A while after a major breakup and with God’s perfect timing, I was scrolling through Facebook and came across a video that a college friend posted. She was crying hysterically and explaining what she was going through; she released her thoughts, feelings, and the panic attack that was brought on by her anxiety. I was frozen still and for the first time, I didn’t feel alone. Most importantly,I didn’t feel crazy anymore. I had anxiety that caused my depression and it has been controlling my life all of these years. I had a mental illness, and it took 23 years of suppression for me to finally realize it.
For a few months, I thought I could control my anxiety, but I needed more help than just awareness. I went to my doctor who prescribed me a pill that specifically helps with anxiety. I took it everyday and I no longer was sad, but I wasn’t happy either. I was going through the day with no emotions. The pill didn’t solve my mental health issue. It was just a coat to cover up my feelings, which was fine…as long as it helped with my depression and anxiety.
I took that pill that I thought I had to have everyday for nearly three months. I met up with a friend who was extremely positive and always had a happy-go-lucky personality. He introduced to me a book called “A New Earth, Awakening To Your Life’s Purpose”. The first day I started reading was the last time I took my anxiety pill. I highly recommend this book to everyone who may be a little lost or struggling. This book talks about how we all have a little voice in our head called the EGO, or in other terms, “edging God out”. That voice is a lie and wants to destroy your happiness. He’s the voice that tells you that you’re not good enough, you’re going to mess up, they will laugh at you, you will never be successful, you’re not pretty enough. Yes—you know what voice I’m talking about.
With meditation and living in the present moment, I found a better way to live. Sometimes it sounds too good to be true. Now, don’t get me wrong.. I still struggle, I still want to binge eat, I still want to hide in my room and watch Netflix all day, and I still am afraid to talk about my feelings. But when I focus on a daily routine and other healthy habits, such as always being grateful, reading, following and living in God’s eyes, exercising, eating healthy foods that fuel my body, and taking daily vitamins, it all helps my mindset stay on track!

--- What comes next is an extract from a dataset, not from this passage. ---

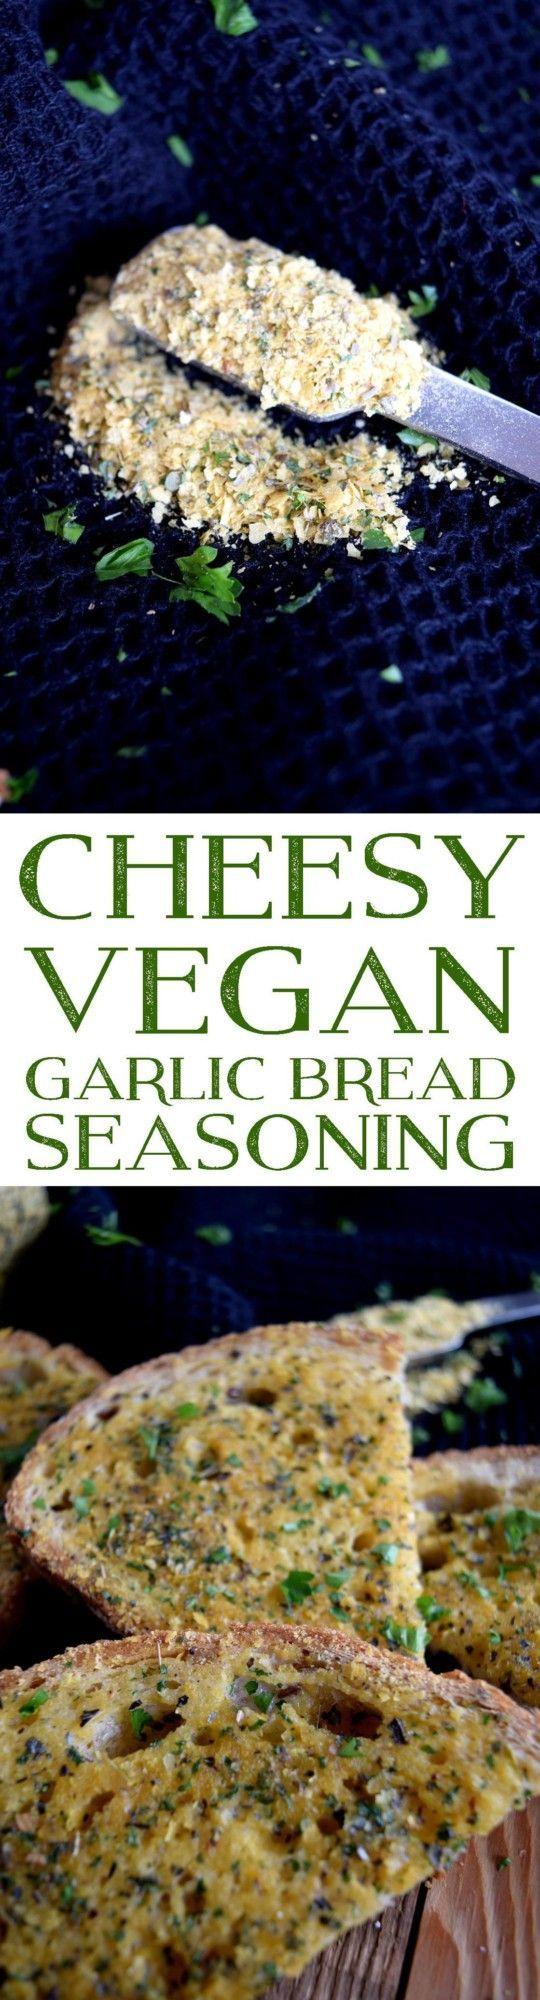 Cheesy Vegan Garlic Bread Seasoning - Lord Byron's Kitchen

If I was able to go back and change one thing in my life, it would be to have a knowing and understanding of anxiety. I missed out on so many life opportunities because of this mental illness. I lost friendships, relationships, job opportunities and I missed out on special events or gatherings. I was afraid to live my life. I wish I had someone in my corner helping me through the battle of my life, telling me that you are not alone and you WILL get over this. BECAUSE YOU ARE NOT ALONE AND YOU WILL GET THROUGH THIS..
I hope someone finds peace reading this story and they realize they can overcome this illness. It won’t be easy or a quick fix, but it can be done. You are strong and you are loved.
Remember, you are more than enough, you are Worthy!